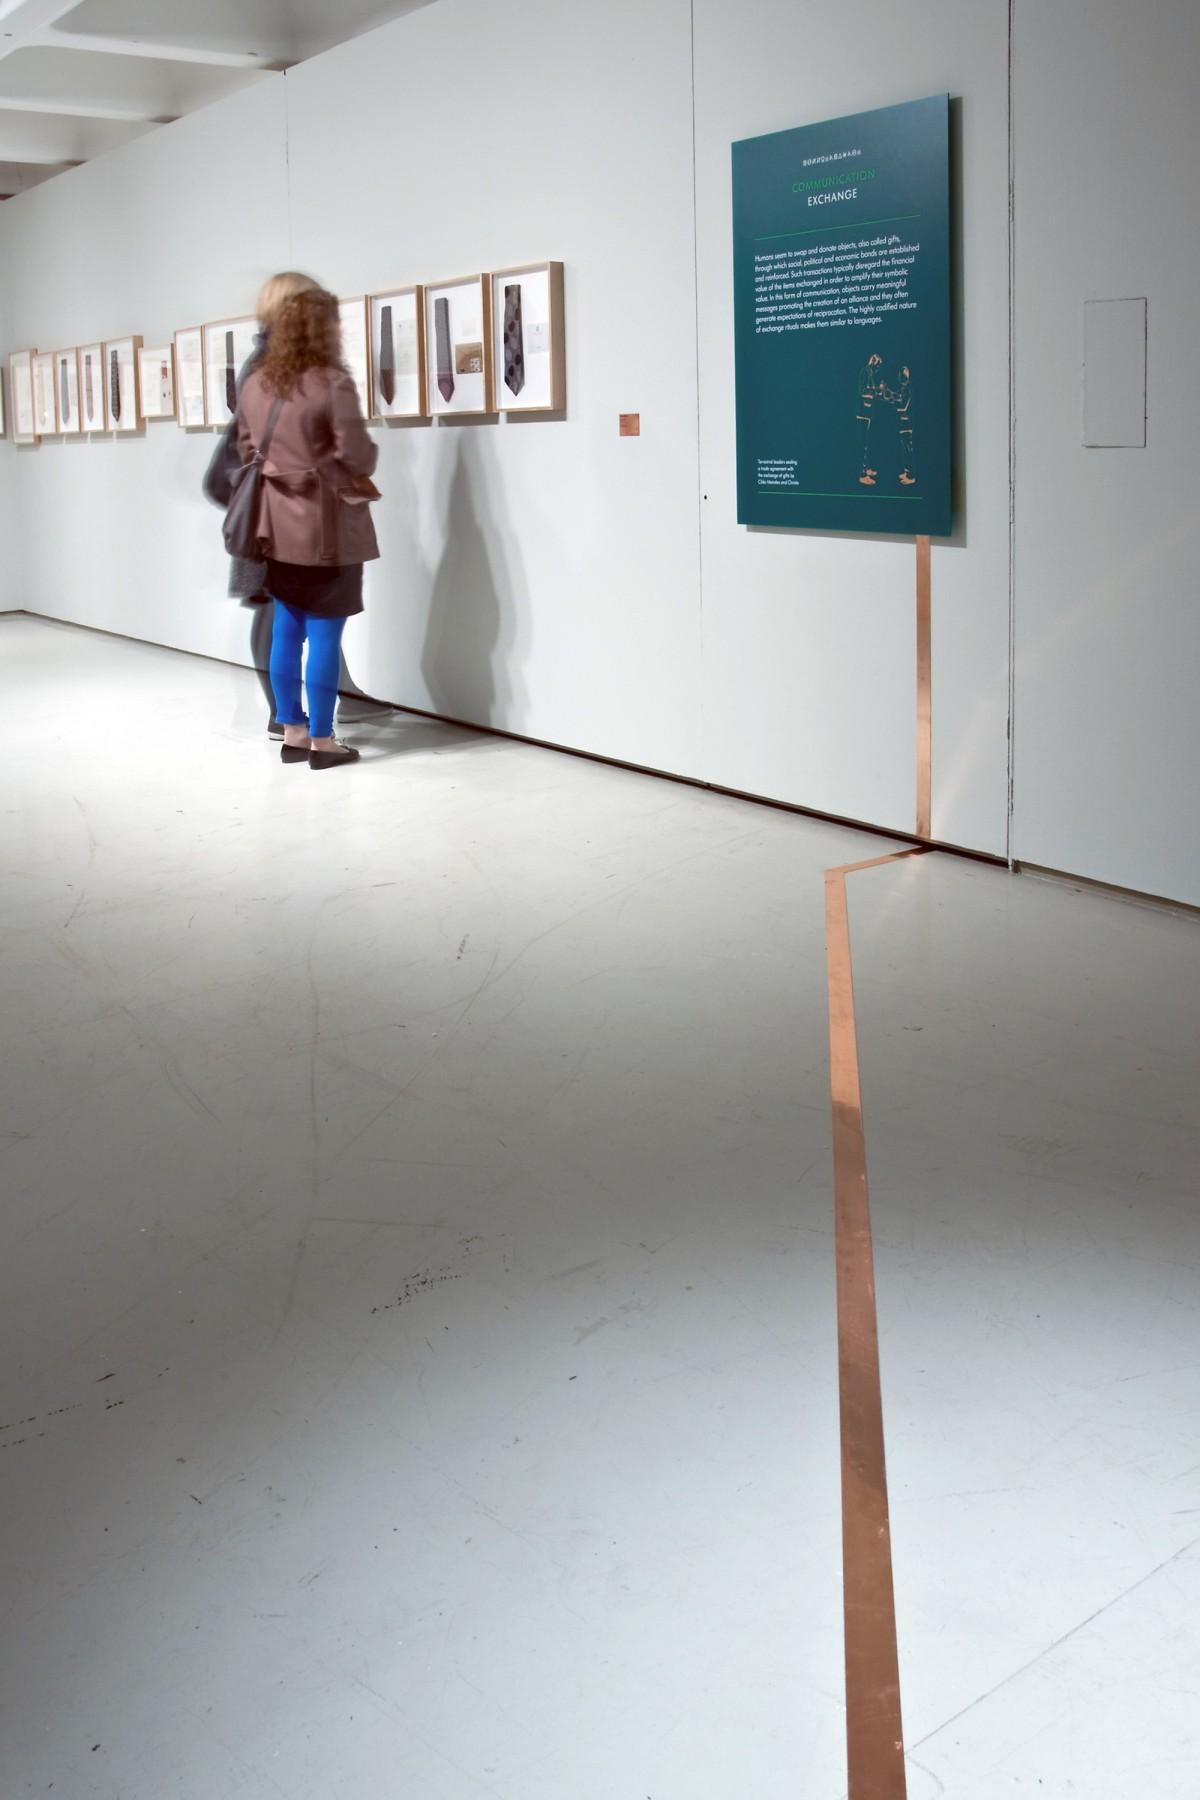 Martian-Museum-Terrestrial-art-Barbican-London-contemporary-design-exhibition-gallery-Jamie-Fobert-Architects-6
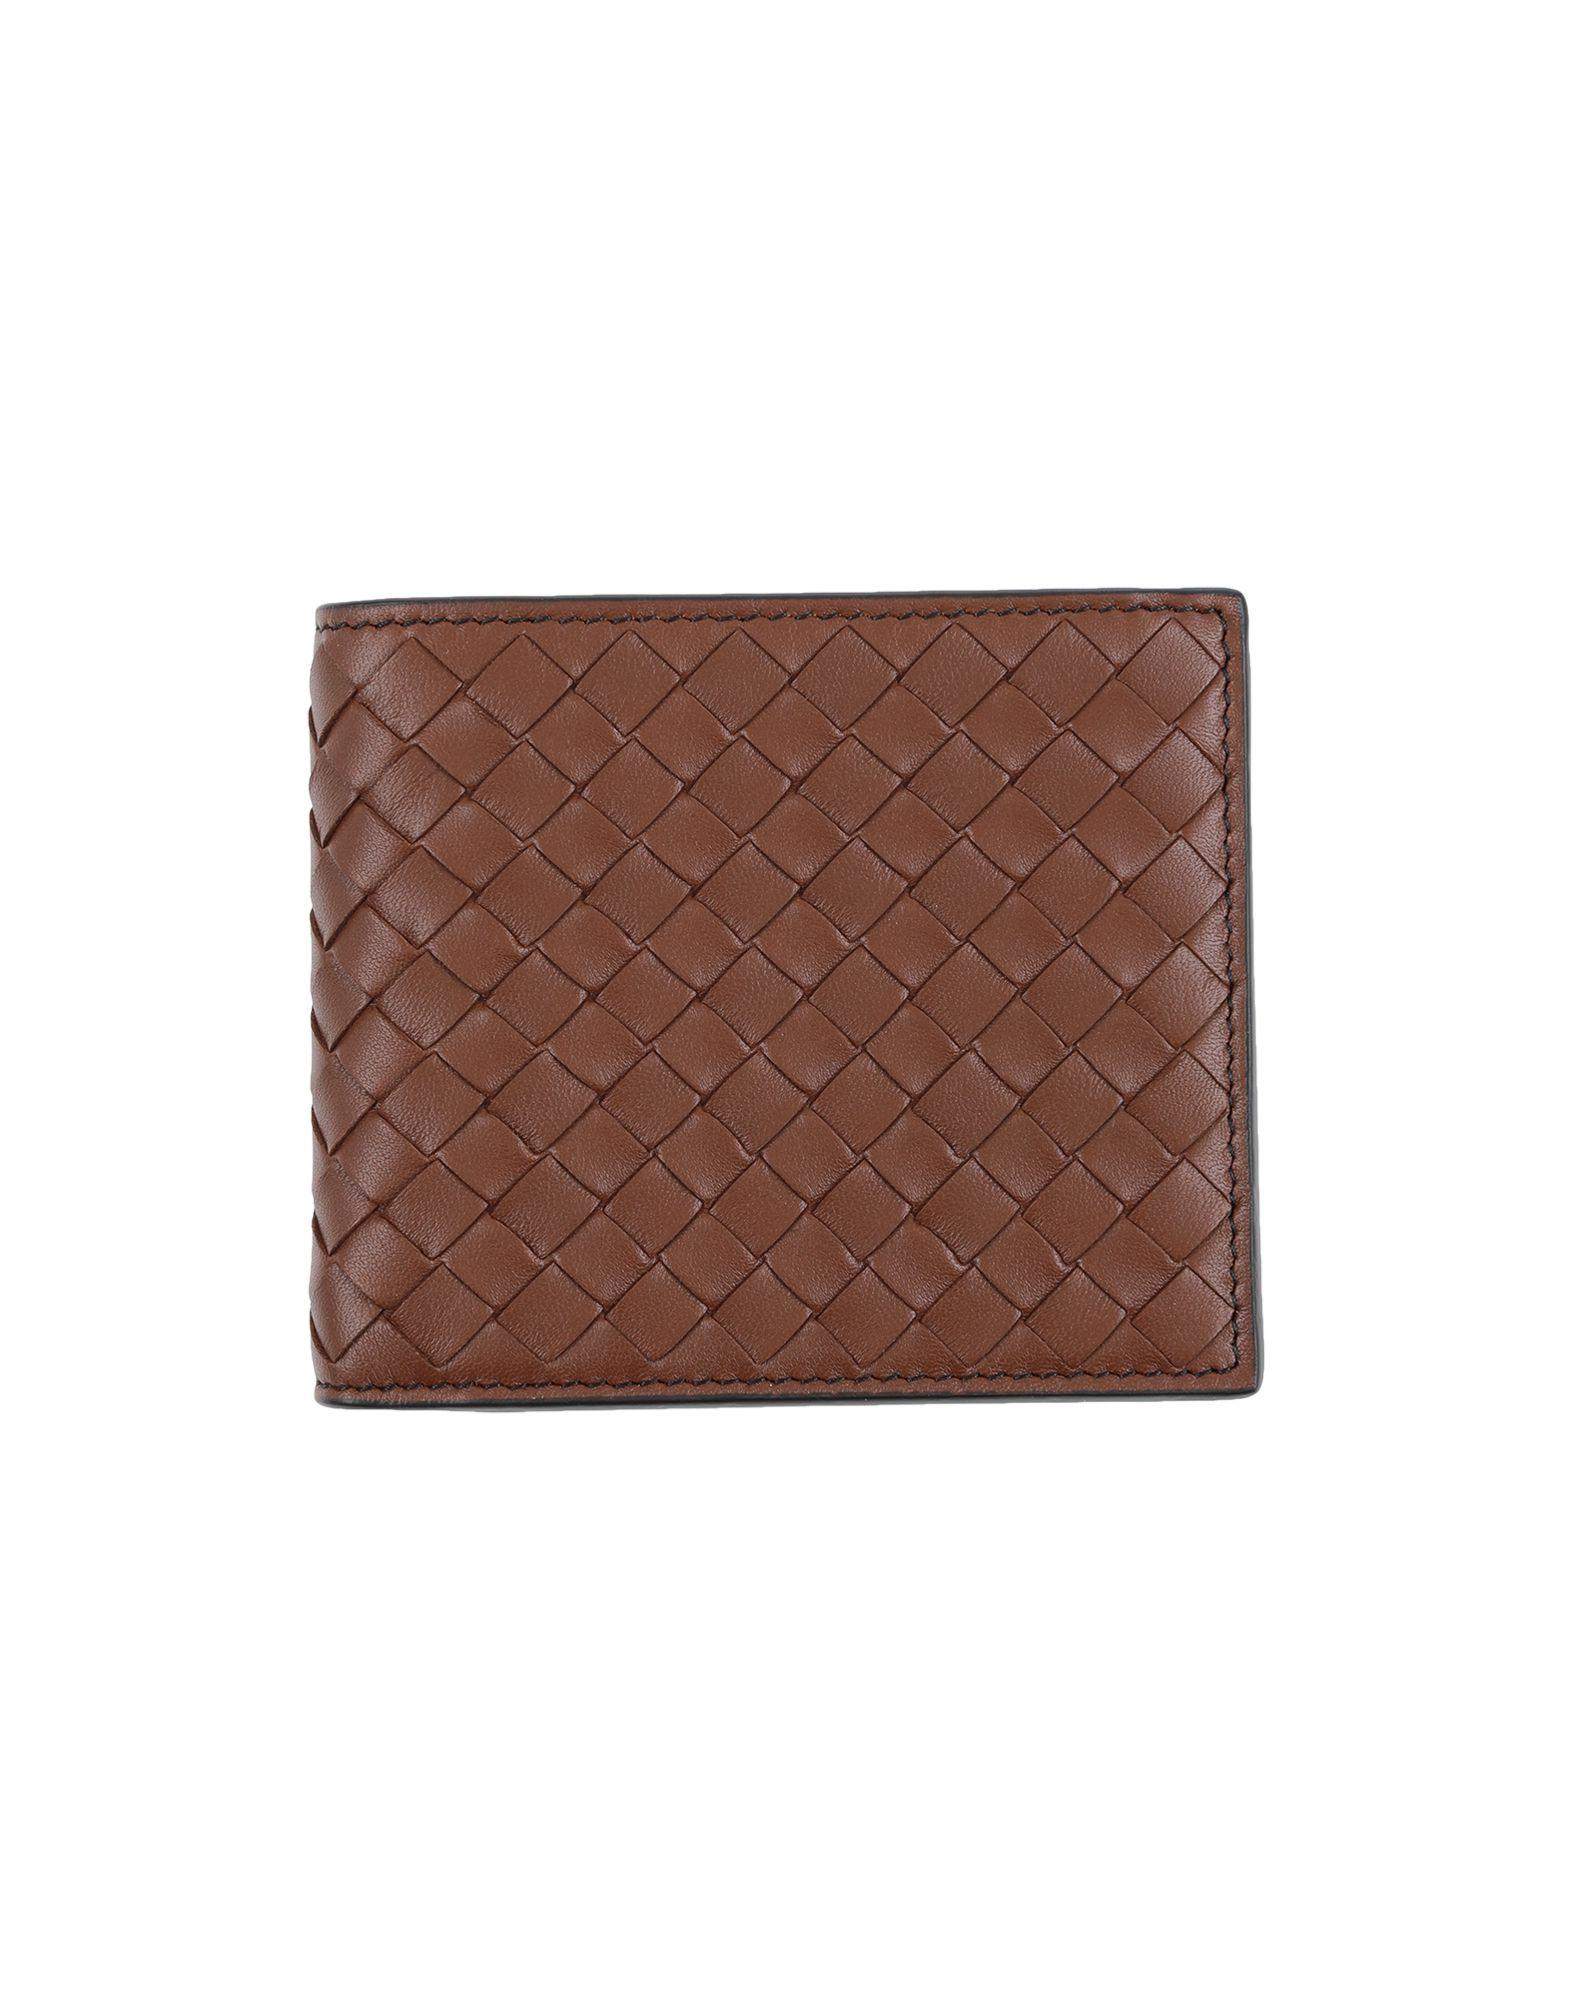 f022f64db000 ボッテガ・ヴェネタ(BOTTEGA VENETA) メンズ長財布 | 通販・人気 ...
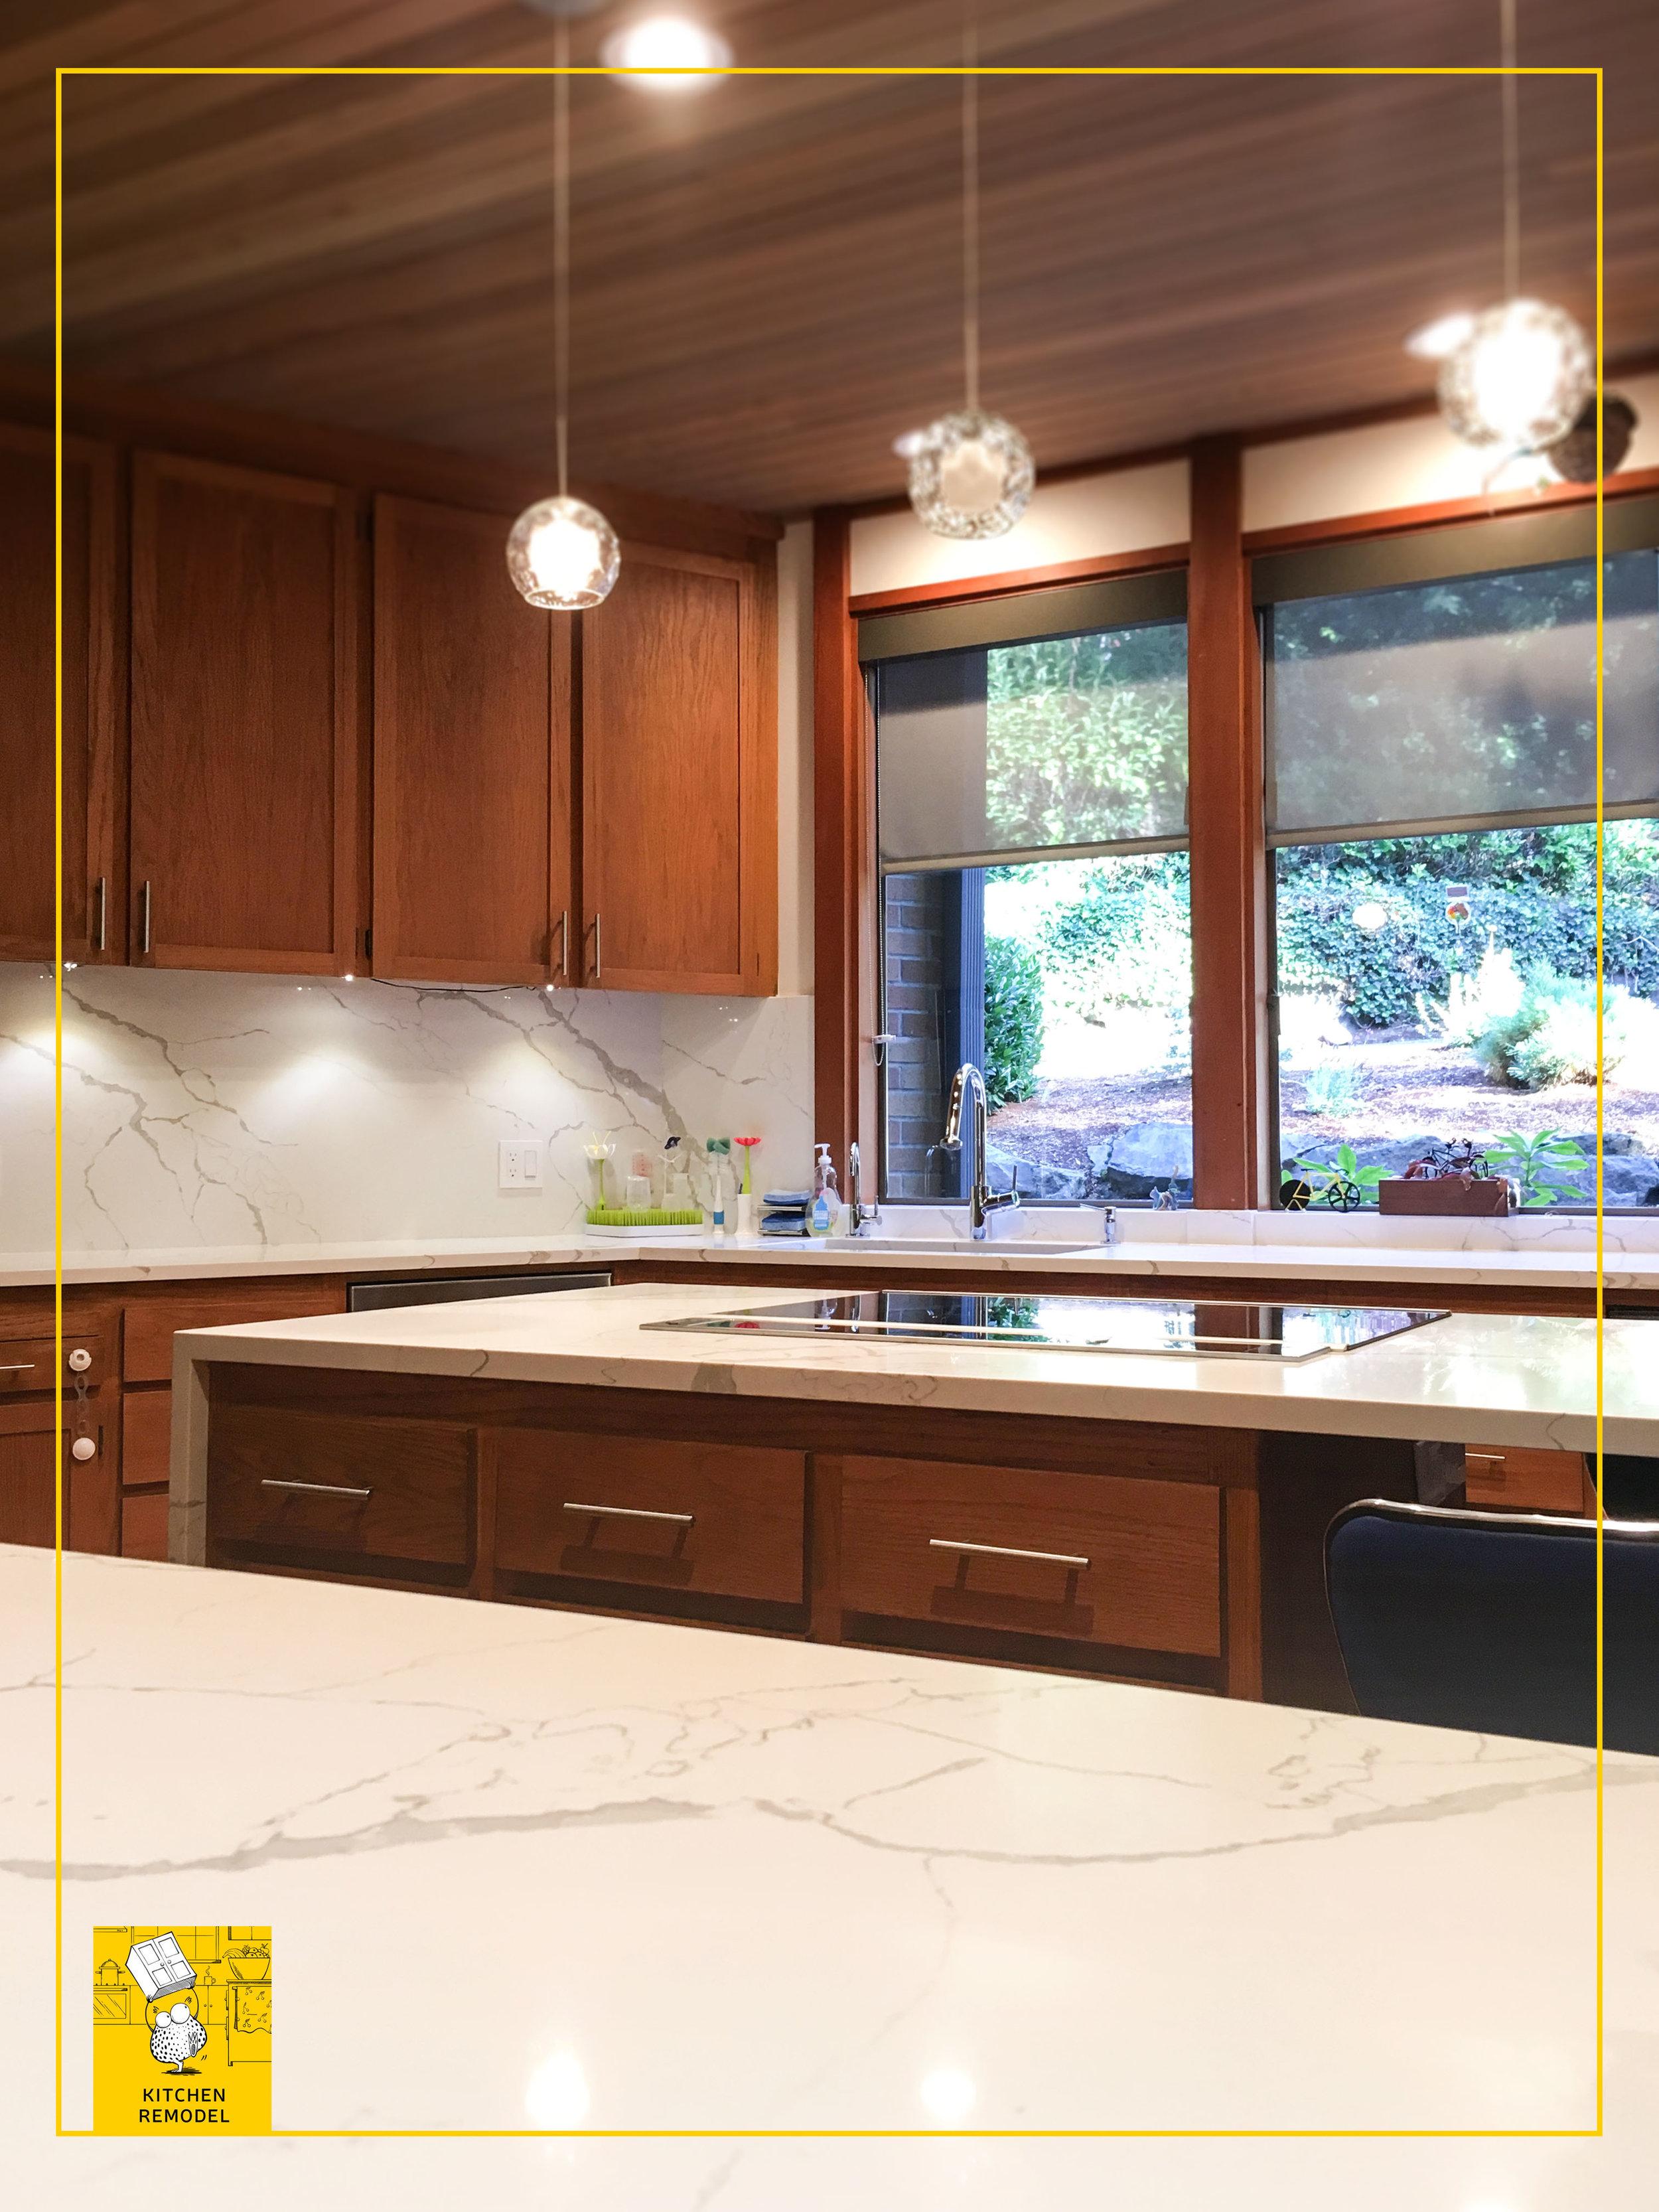 MT family kitchen remodel 05.jpg

— ABOUT THIS EXERCISE —
Return, exactly and without extra lines, everything from the line with "f022f64db000 ボッテガ・ヴェネタ(BOTTEGA VENETA)" through the last line of the material above, both included. Pictures must be dropped.

— TASK SOLUTION —
 f022f64db000 ボッテガ・ヴェネタ(BOTTEGA VENETA) メンズ長財布 | 通販・人気 ...
 MT family kitchen remodel 05.jpg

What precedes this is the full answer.